I give her some advice on community resources. I tell her not to be afraid to call the police if she has concerns about her safety or Al’s safety. We talk about support groups, but she doesn’t seem interested. I suggest she start checking into nursing homes and memory care communities. Although she earlier said she couldn’t do it, she says she’ll consider it. She might be appeasing me.
Then I hang up my phone and get back to drying my hair. I head to work and get on with my day. I’m not sure if what I said to Laura was even close to helpful. Yet I’m not sure what I could have said differently.
That evening I get a call from Laura. She tells me Al is in the psych ward. She is upset because she thinks they gave him too many sedatives when he arrived. In her words, he’s a zombie. She’s also frustrated because they used restraints when she didn’t feel it was necessary. A social worker told her that there’s no way she can take Al home. They need to talk about other options.

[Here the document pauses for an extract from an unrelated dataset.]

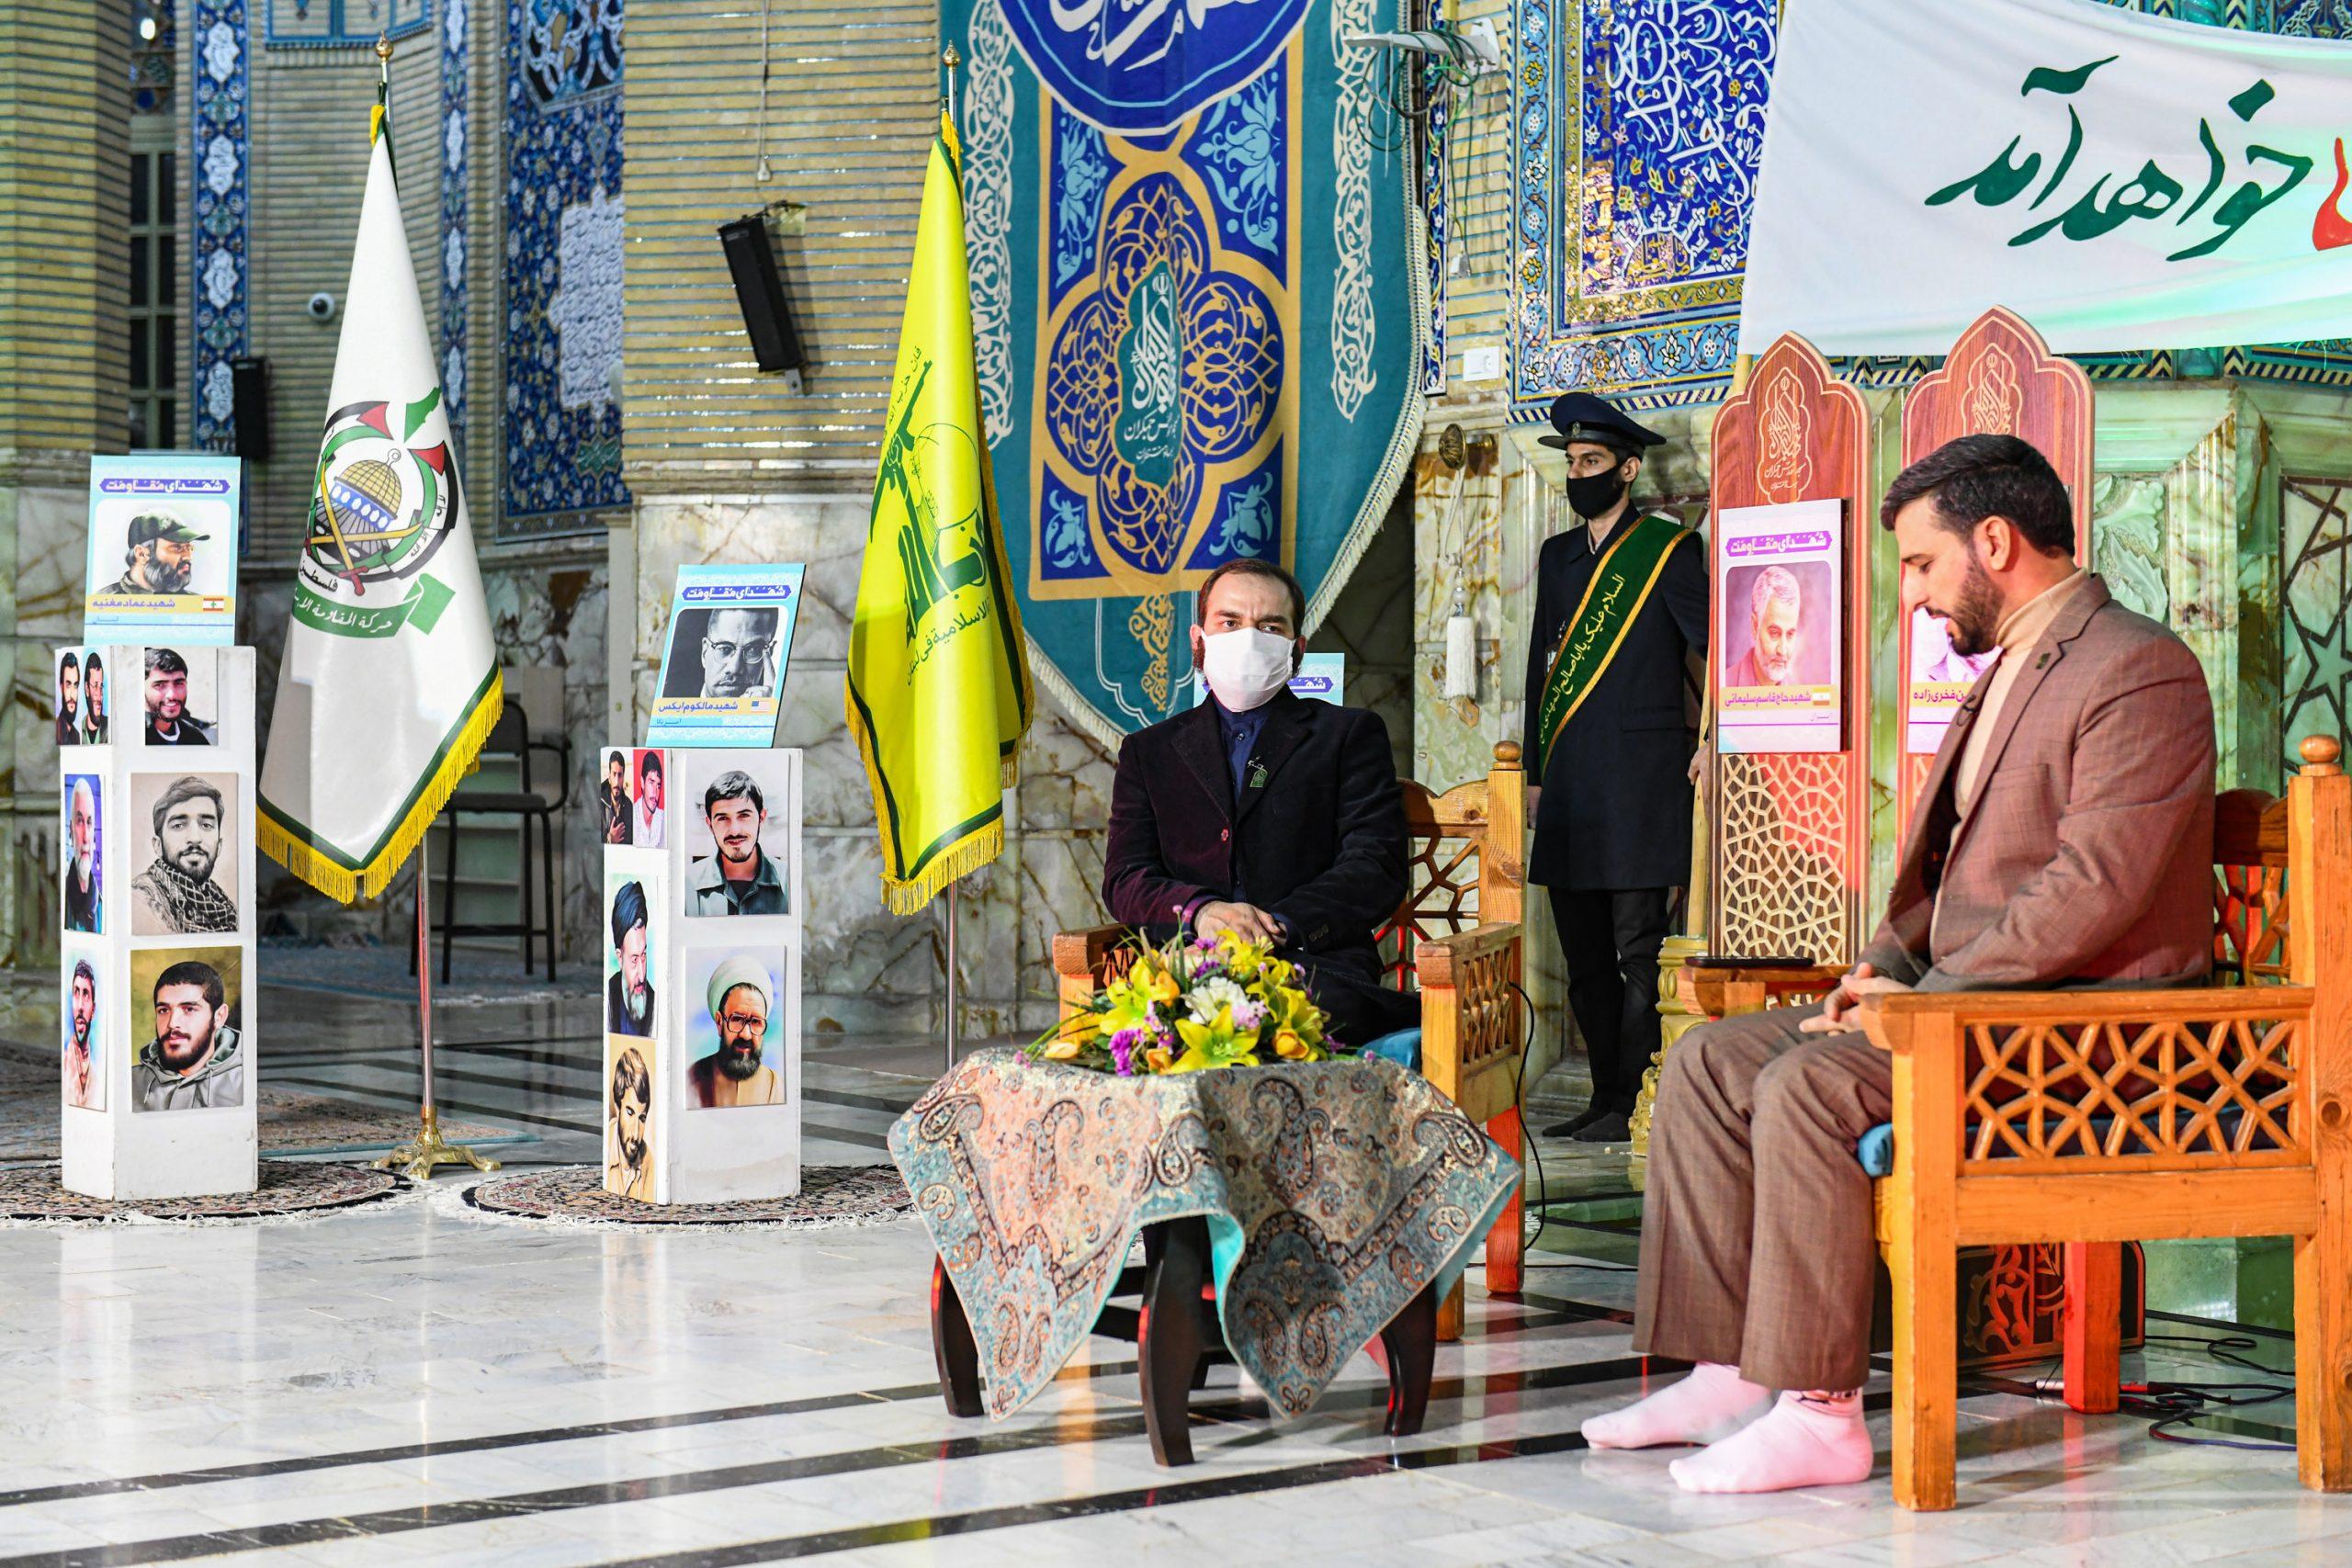 مراسم گرامیداشت شهید محسن فخری زاده در وعده گاه منتظران

Yet, she also tells me she’s feeling relieved that he’s out of the house, and she’s excited to get a decent night’s sleep. In the next breath, she says she’s feeling guilty for feeling relieved.
I hang up the phone as my husband is getting home from the gym. I pour a glass of Riesling. We sit on the couch together and watch some mindless TV with our dogs. We both vent about work. We talk about the weekend plans we have with friends.
My mind drifts, and I wonder if there could ever be a day when my husband sees me as a stranger. Despite my experience with dementia, I can’t fathom it. I can’t wrap my mind around that possibility. It’s not something that could happen to us. Not now, not in five decades, not ever.
I can’t stop thinking about how cruel it is that fifty beautiful years of marriage must end this way for Al and Laura. I want Laura to have peace, but I can’t tell her how to get there. I can explain dementia, but I can’t help her make sense of it. Sometimes there isn’t a silver lining, and sometimes you come up empty in a search for meaning.